Metadata is a generated structure—part of the Tiller API—that represents an actual Helm Chart.yaml file.

Why is this important?  Because now you can see the concepts: an IndexFile is basically a collection of all the Chart.yamls conceptually held (usually in gzip archives) by a ChartRepository.  And a ChartRepository is really not much more than an IndexFile.  This whole structure can be greatly simplified.

The way I see it, the fact that this notional collection of Chart.yamls is a file is incidental, and hence IndexFile is a very poor name indeed.  Structurally, all it is is a collection of things.  We can also tell that because of the Get() function signature, an item in that collection is uniquely identified (or at least should be!) by a name and a version.  This means that this notional collection of Chart.yamls is a set (and not, say, a list, or some sort of other collection type that permits duplicates).

Next, we can tell from the Add() function that really what you’re doing with this function is creating a new ChartVersion structure and adding it.  That furthers our suspicion that really what we’re dealing with here is some sort of collection type of ChartVersions, and nothing else.

If represented in Java, it really doesn’t need to be any more complicated than a Map.  In this case, it is a Map of ChartVersions (and hence Metadata instances) indexed by a key consisting of name and version.  So a ChartRepository too is really not much more than this Map located somewhere else, together with the information needed to talk to it.

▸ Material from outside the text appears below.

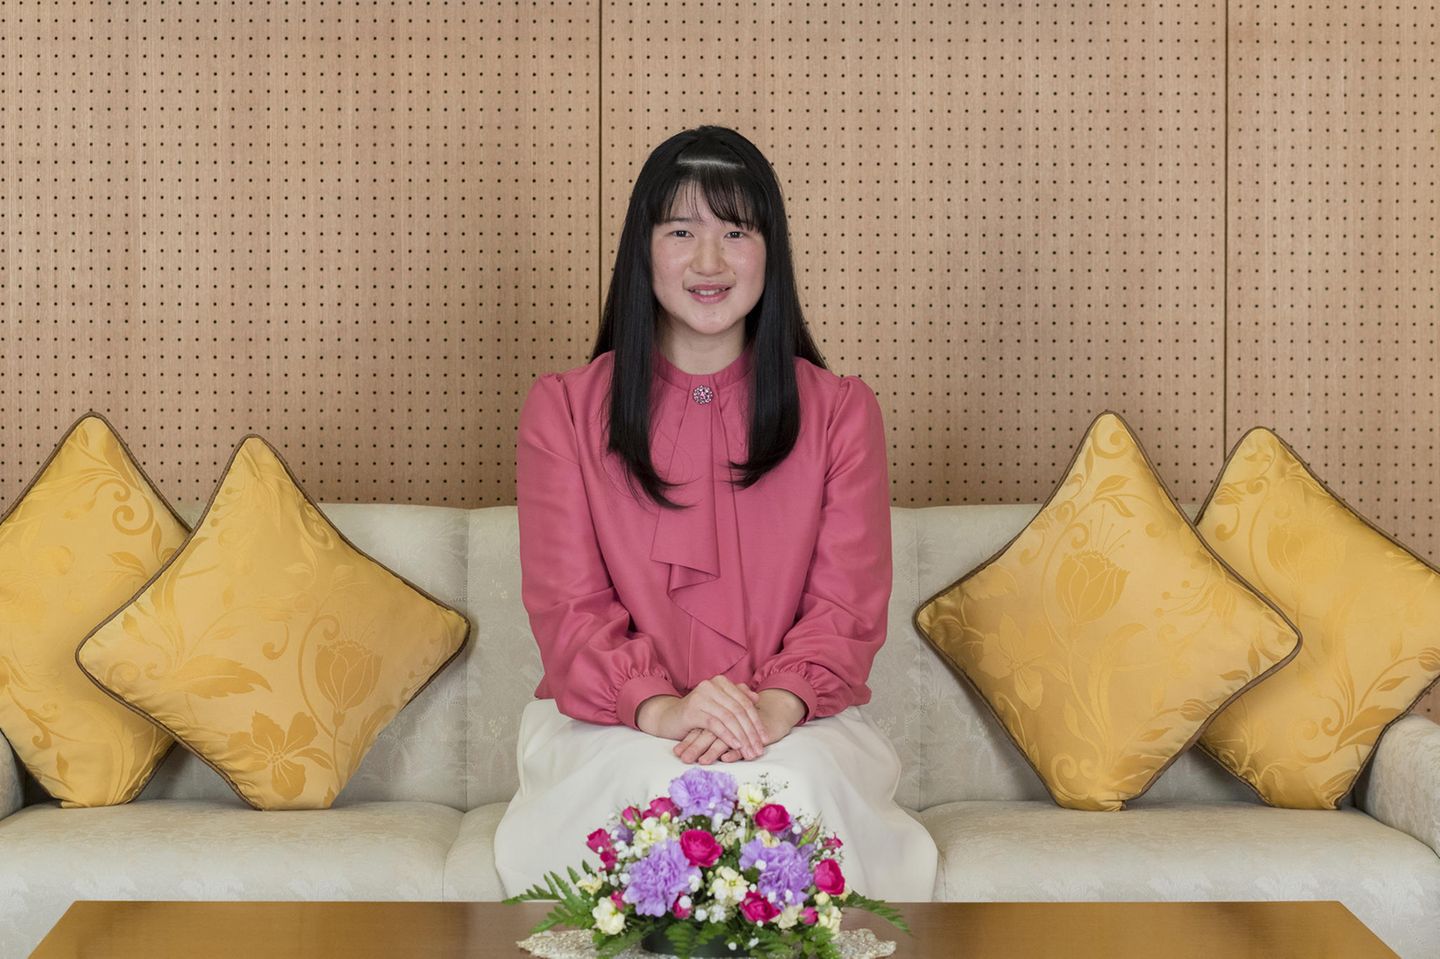 25. November 2019  Einige Tage vor ihrem 18. Geburtstag veröffentlicht der japanische Hof offizielle Fotos von Prinzessin Aiko. Die nun volljährige Prinzessin trägt einen cremefarbenen knielangen Rock und eine rosafarbene Schluppenbluse. 

Next, ChartVersion is also a poor name.  Something like ChartDescriptor is probably better: the fact that a Version attribute happens to be one of the things it logically contains doesn’t—it seems to me—elevate it to primacy here.  What this thing is is really a full description of the state of a Helm chart (the Metadata aspect of its nature) and some information about where you can find the real thing (the URLs attribute of its ChartVersion nature).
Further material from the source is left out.